Sardines expected to arrive late in KZN
The sardines may arrive a little late off KwaZulu-Natal this year, the KwaZulu-Natal Sharks Board said on Thursday.
"The water temperatures are still fairly high, which is not good for them," said the board's head of operations Mike Anderson-Reade.
"It is too warm and early at this stage, even though there were quite a few years where they came very early."
Anderson-Reade flew out to sea last Friday to check for sardine activity but there was none.
"There was a bit of activity, south of Port St Johns... but it was not the sardines."
He plans to do another flight, possibly next Thursday if the weather is good, to check for sardine activity.
The sardine arrival was expected in KwaZulu-Natal in the first or second week of June.
In 2010, the sardine run began in mid-July and resulted in bathing being banned for almost a month, due to predators, such as sharks, feeding.
The sardine migration occurs from May to July when billions of sardines spawn in cool waters and move along the country's east coastline.
Their numbers create a feeding frenzy and shoals are often about 7km long, 1.5km wide and 30 metres deep.
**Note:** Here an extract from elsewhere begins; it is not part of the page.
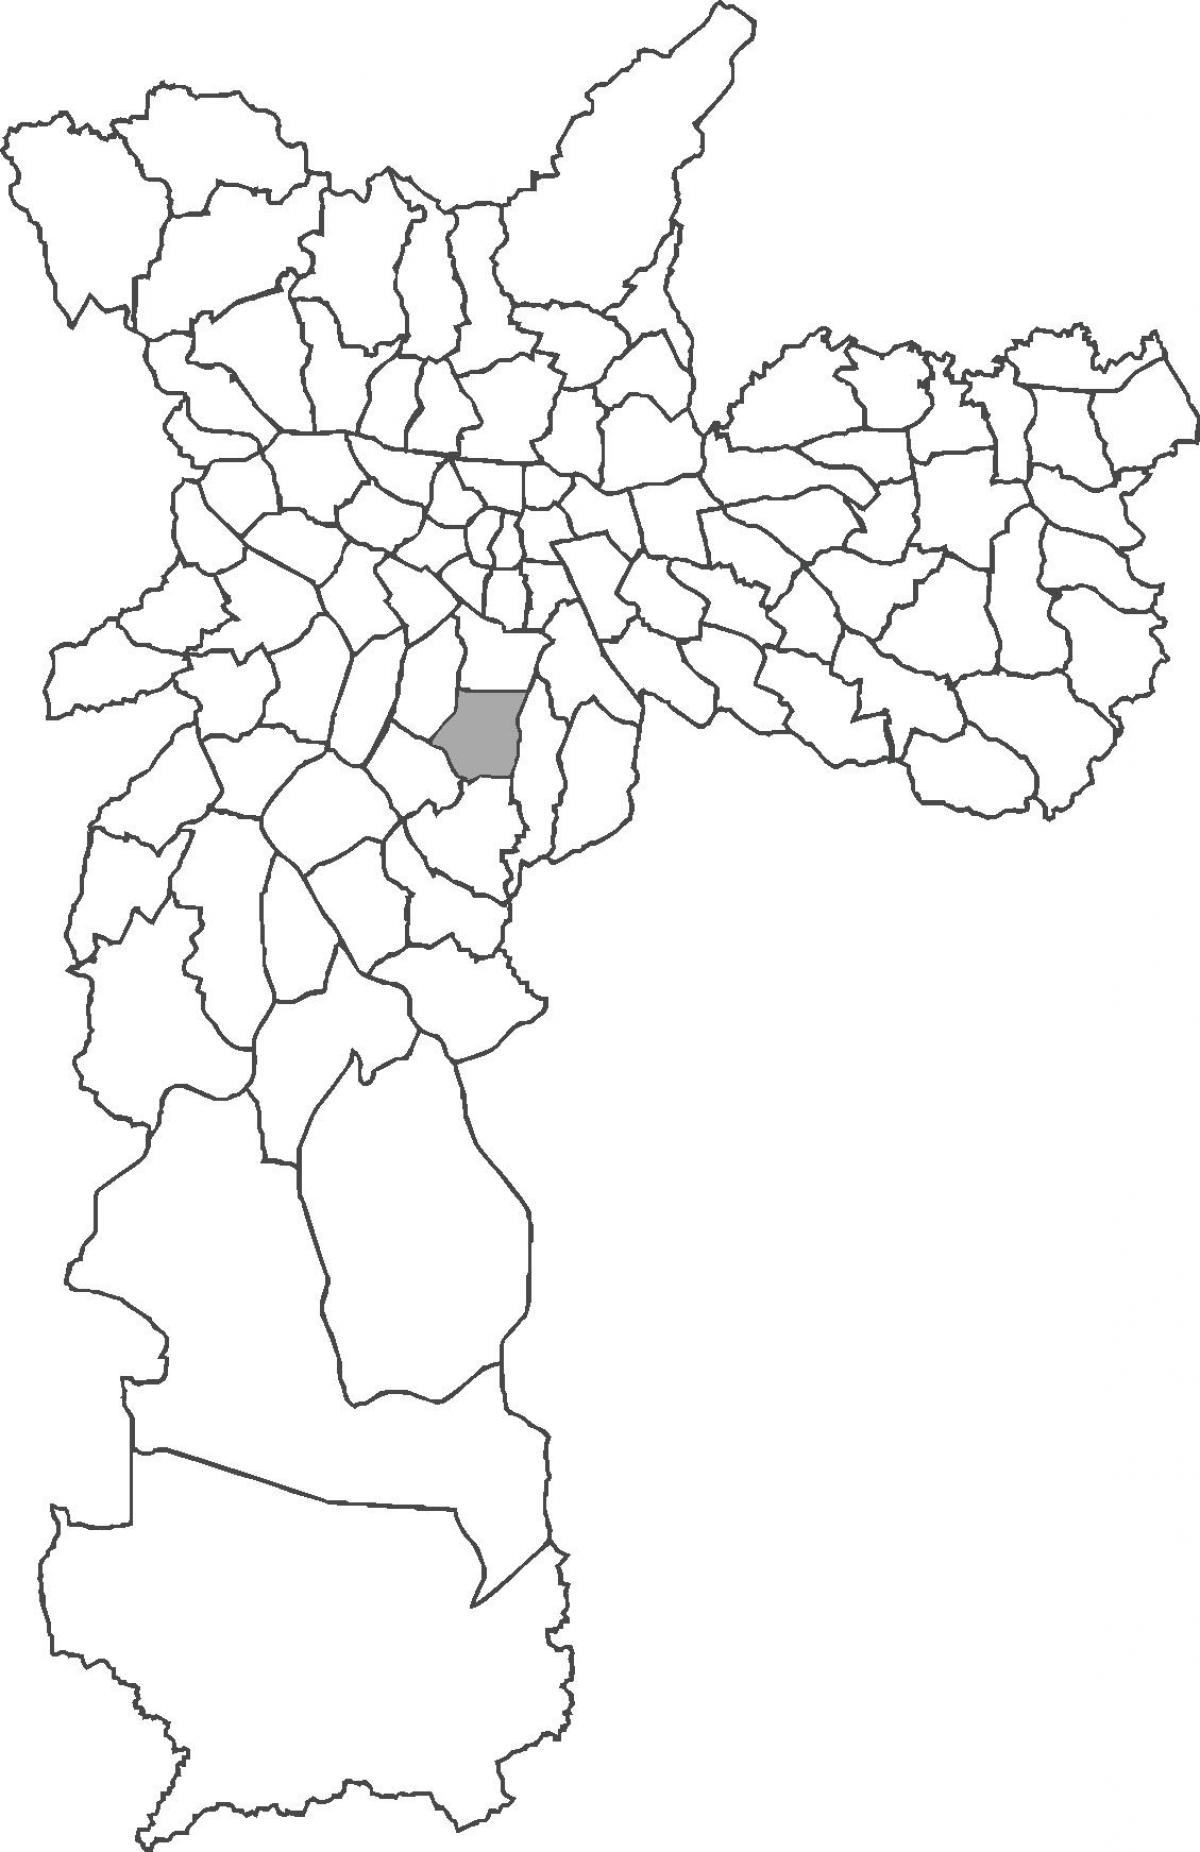 નકશો Saúde જિલ્લા

They are visible from spotter planes or the surface.
Sardines are followed by many predators, including Cape gannets, sharks, and dolphins.
The annual Sardine Run is a popular event and KwaZulu-Natal residents and international tourists eagerly await it every year.
Scores of documentary makers and tourists book into chalets along the south coast waiting to get a glimpse.
In recent years, the fish have been netted and no shoal has beached.
Decades ago, families in Durban would gather on beachfronts in June and July waiting for the slippery delicacy to reach the shore.
And when it did, parents and children, armed with baskets and crates, would hastily pack their baskets and head home for a fresh tasty meal.
In the Indian community, masala-marinated sardines are favourites.
Hawkers and traders, who make a living off the catch, also wait anxiously for the shoal every year.